Я отвернулся. Мне хотелось знать о сыне больше, но в разумных пределах.
– А почему у вас разные фамилии? – спросил Джимми после паузы, во время которой я поймал взгляд бармена и заказал еще три пинты.
– Что, прости?
– Я не понимаю, почему он – Вудбид, а вы – Эвери.
– Все просто, Лиам взял фамилию матери.
– Вообще-то дядину, – сказал Лиам. – Дядя Джулиан был мне как отец.
Я молча принял жесткий удар. Джимми смотрел на нас и широко улыбался, словно не мог взять в толк, пикируемся мы или дело серьезнее.
– Джулиан ваш брат? – спросил он.
– Нет, старший брат матери Лиама. Несколько лет назад он умер.
– Вон как. Печально. – Джимми чуть сбавил тон.
– Я его очень любил, – с чувством произнес Лиам, хотя обычно не проявлял эмоций. Фраза явно адресовалась мне.
– Начали. – Джимми кивнул на экран, где игроки обеих команд осторожно перепасовывали мяч. Отдельные болельщики стали подбадривать наших, но вскоре смолкли, ибо ничего особенного пока что не происходило.

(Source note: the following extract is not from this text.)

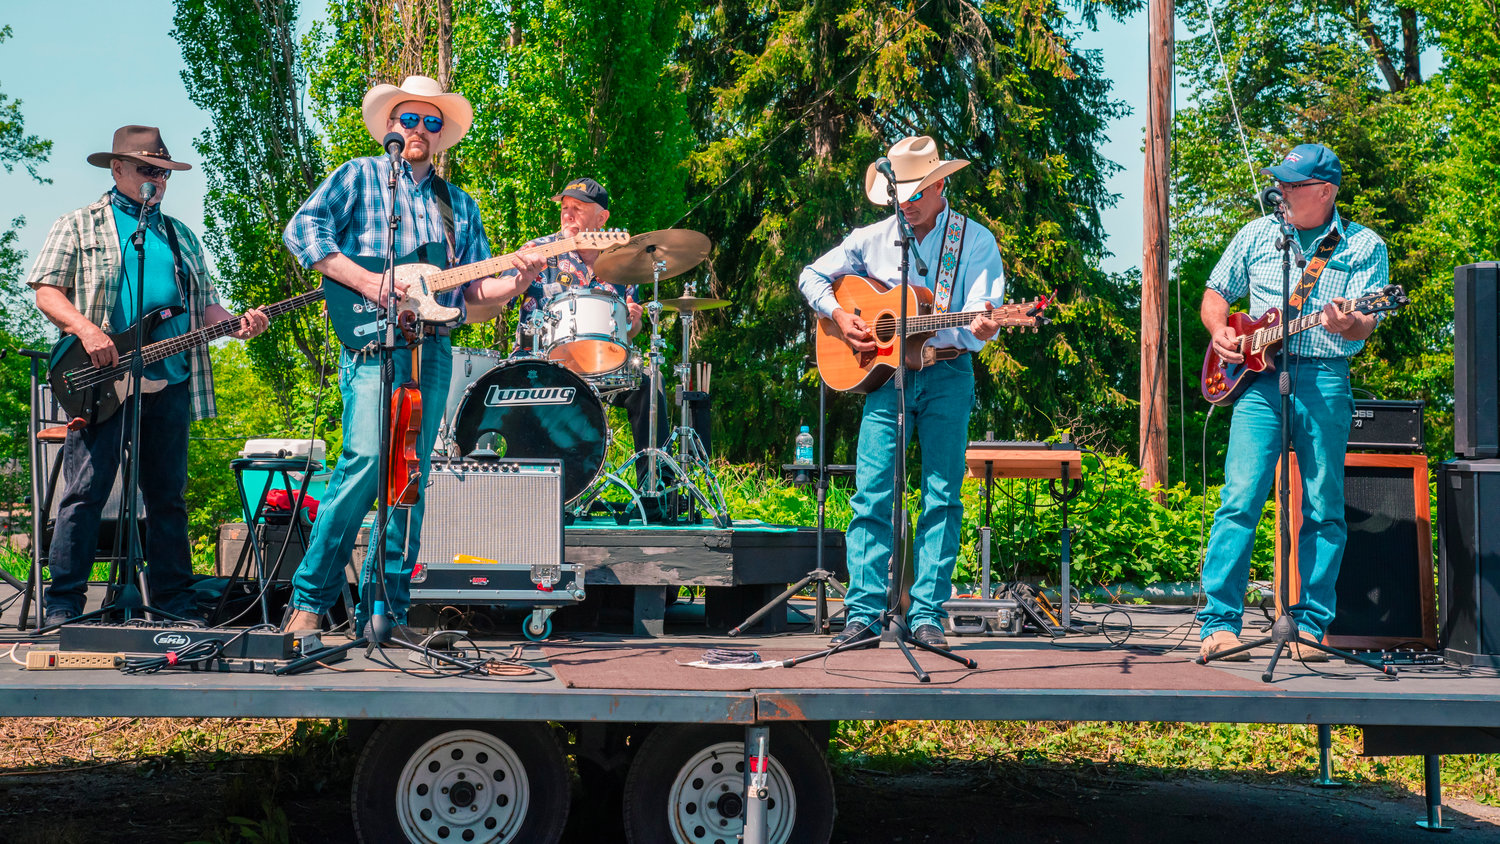 Pat Murphy and the Straightshot Band with special guest Chris Guenther perform outside the Adna Burger Bar during a “Back The Blue” event on Saturday.

– Как вы познакомились? – спросил я. Лиам досадливо тряхнул головой, мол, занудные вопросы – к Джимми.
– Вместе учимся в Тринити, – сказал тот.
– Ты тоже изучаешь историю искусства?
– Вот еще, я на экономическом. Некоторые хотят делать деньги, Сирил. Я вот мечтаю о роскошной машине и большом доме с джакузи, где плещутся гадкие бабенки.
– В смысле, гладкие?
– А, ну да. Хотите знать мою главную цель в жизни?
– Это стоит услышать, – сказал Лиам.
– Ну поведай.
– Хочу особняк на Вико-роуд рядом с домом Боно[59].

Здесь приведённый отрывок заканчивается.